## Data below
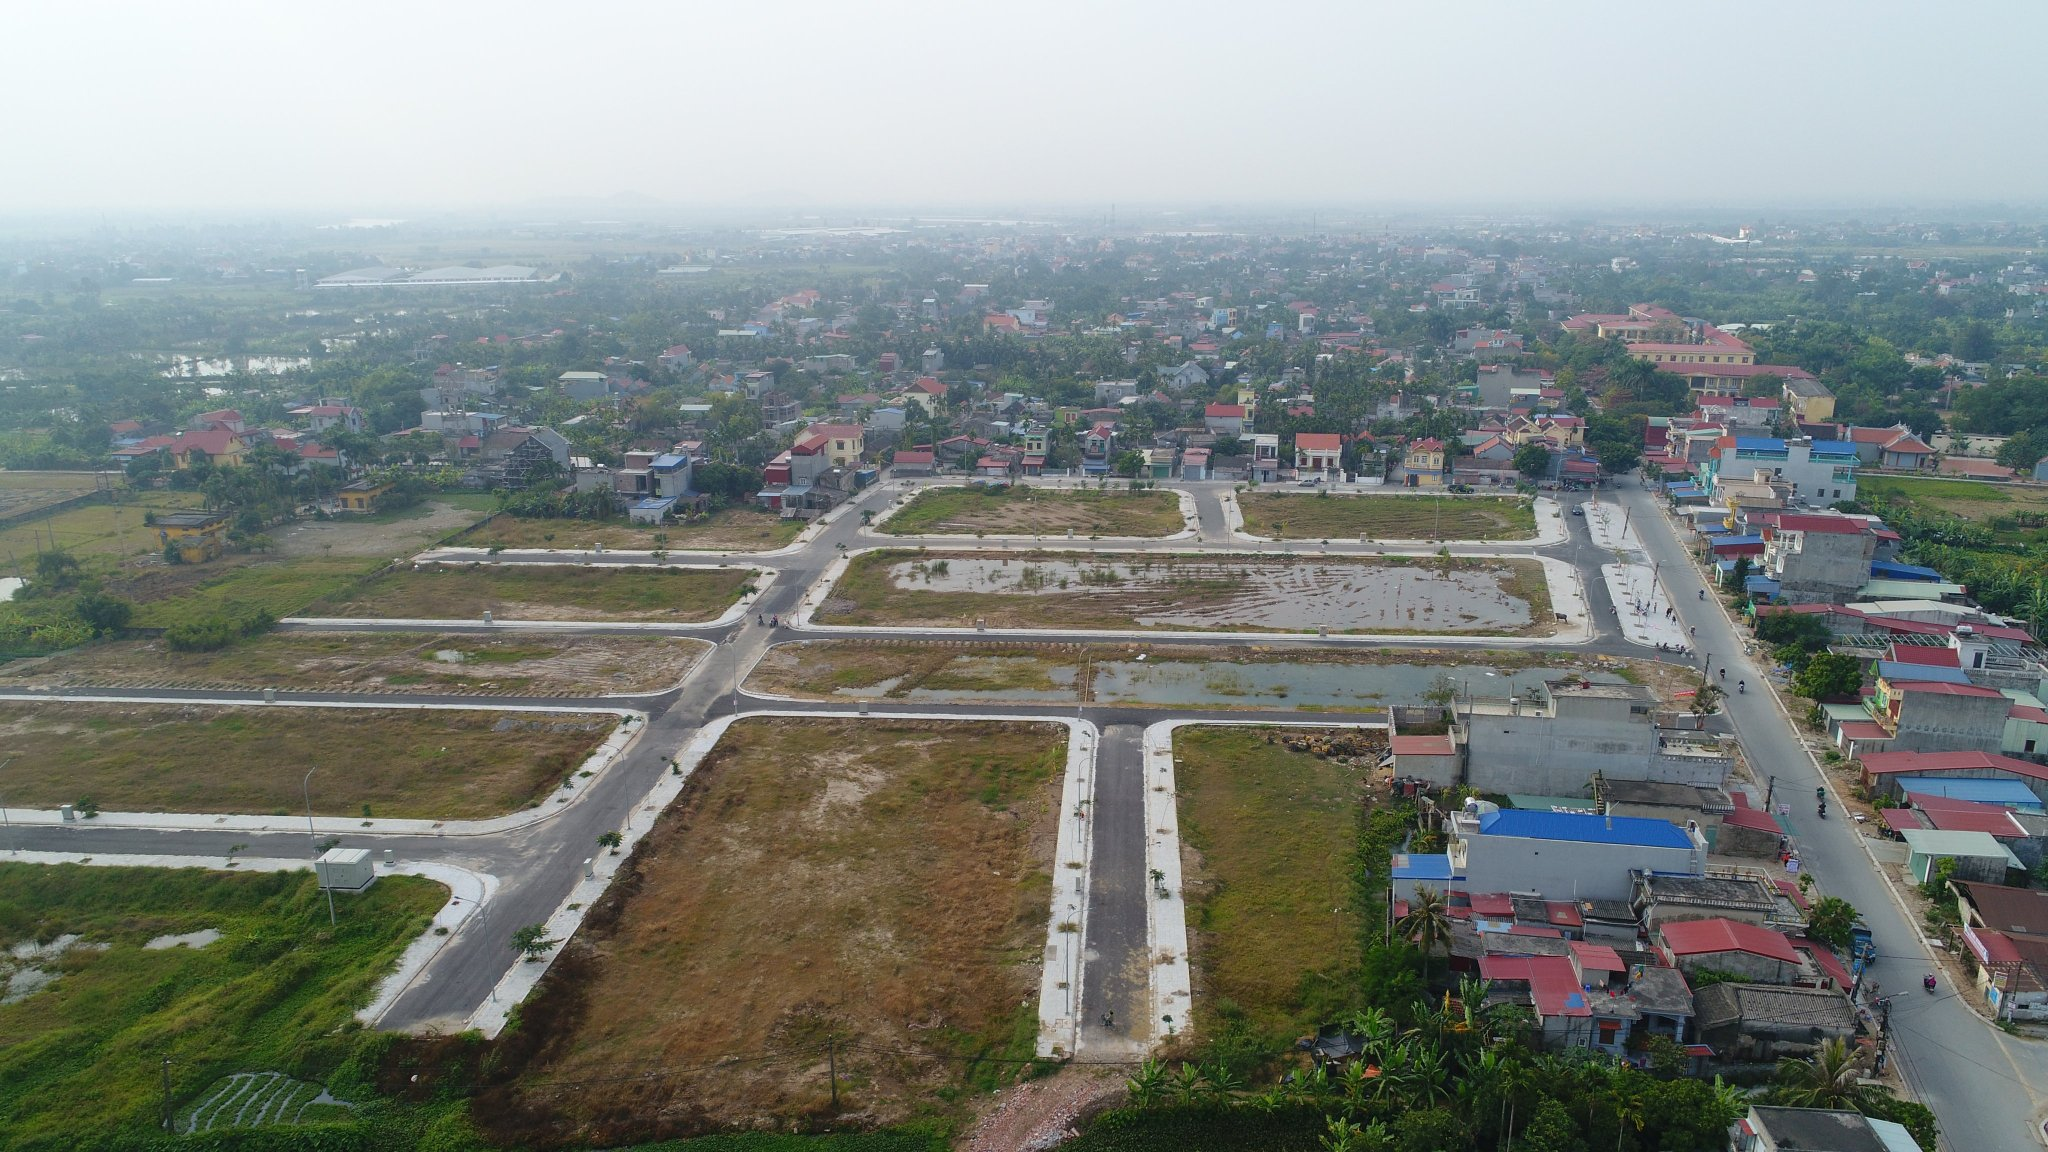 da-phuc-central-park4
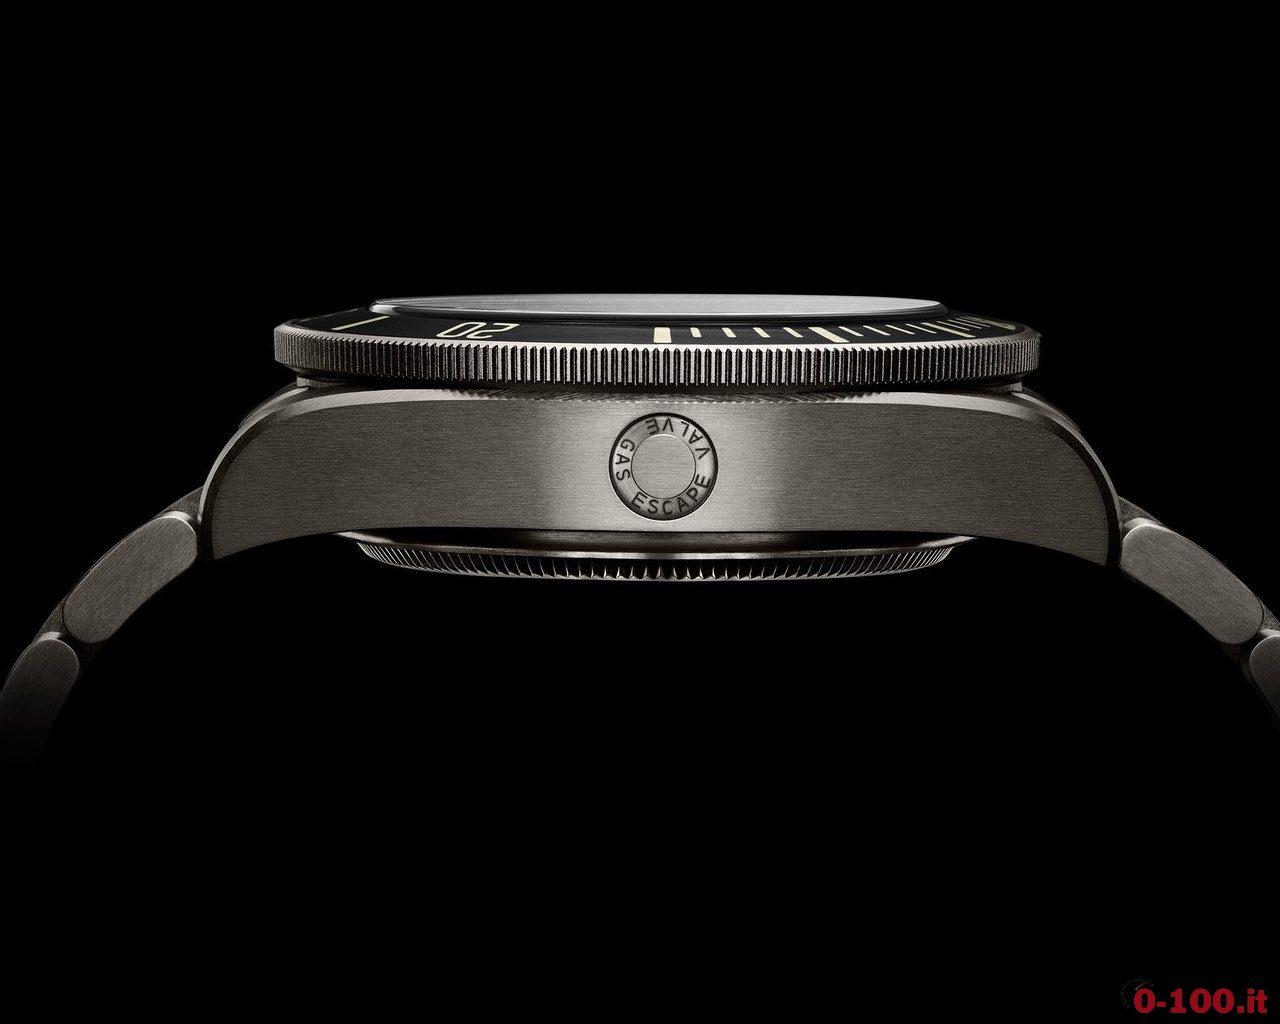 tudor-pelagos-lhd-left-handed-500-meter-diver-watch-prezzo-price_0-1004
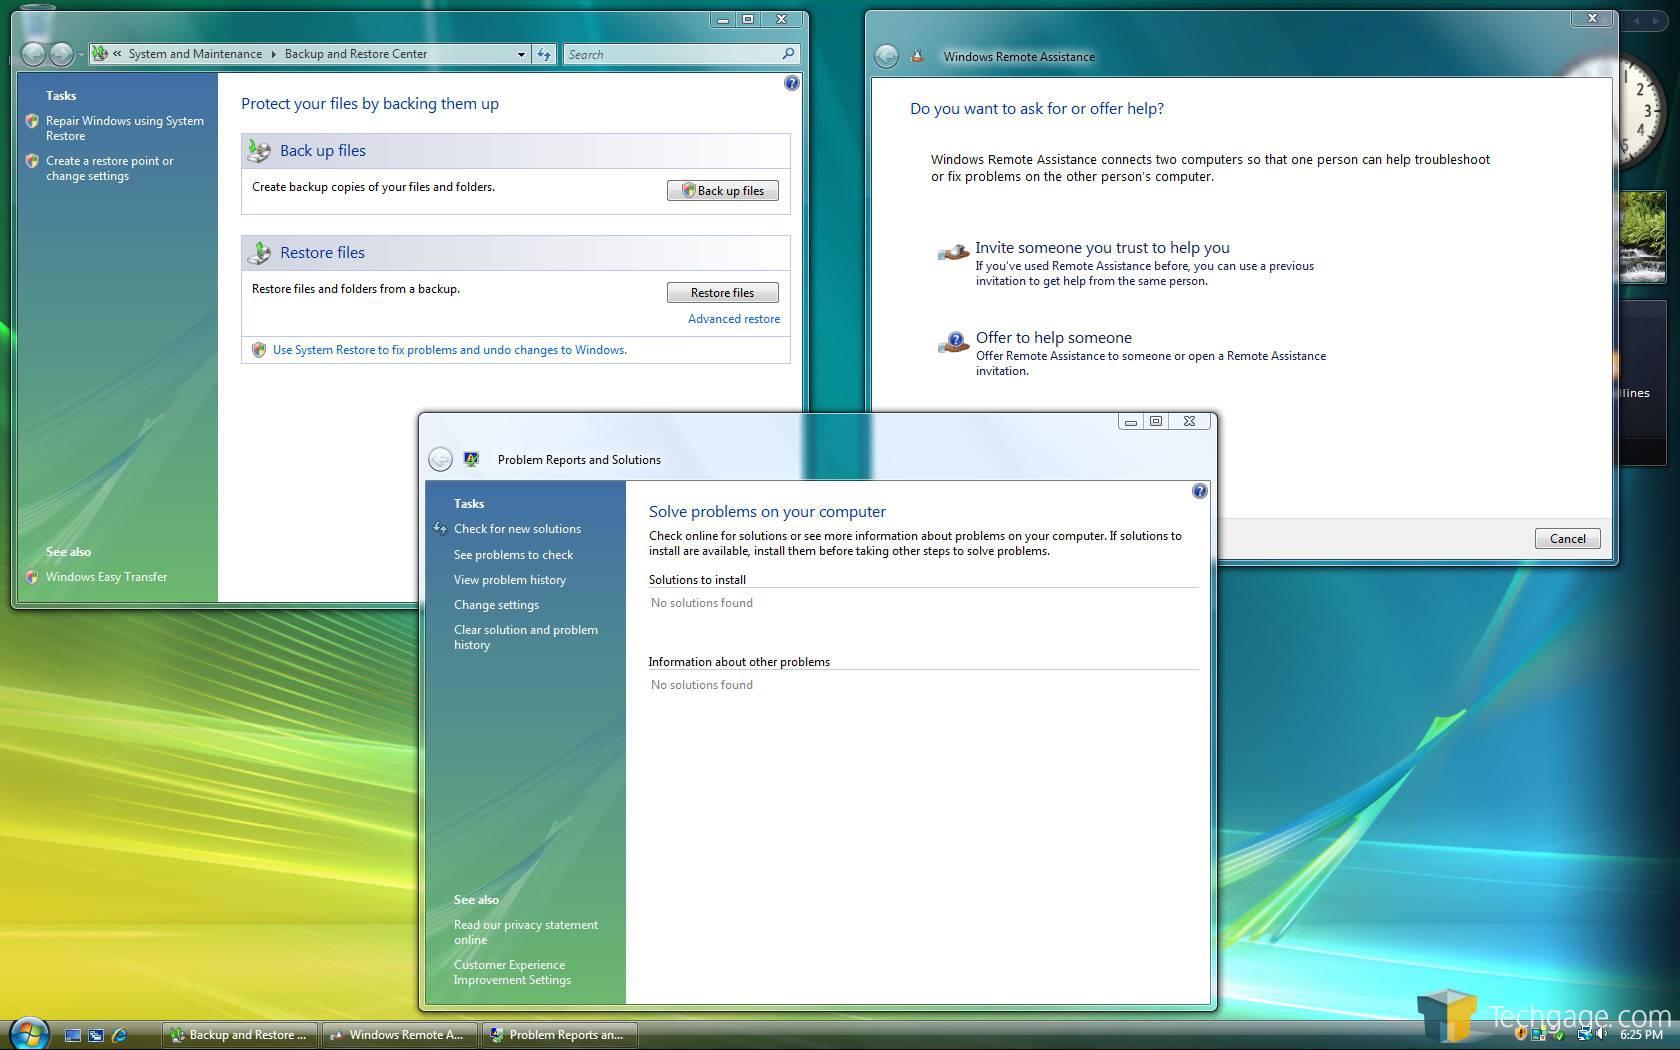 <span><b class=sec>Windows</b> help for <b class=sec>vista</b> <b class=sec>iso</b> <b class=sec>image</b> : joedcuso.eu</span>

## Activity
Write out again every line above exactly as given; the pictures do not belong in the copy.

## Written answer
 da-phuc-central-park4
 tudor-pelagos-lhd-left-handed-500-meter-diver-watch-prezzo-price_0-1004
 <span><b class=sec>Windows</b> help for <b class=sec>vista</b> <b class=sec>iso</b> <b class=sec>image</b> : joedcuso.eu</span>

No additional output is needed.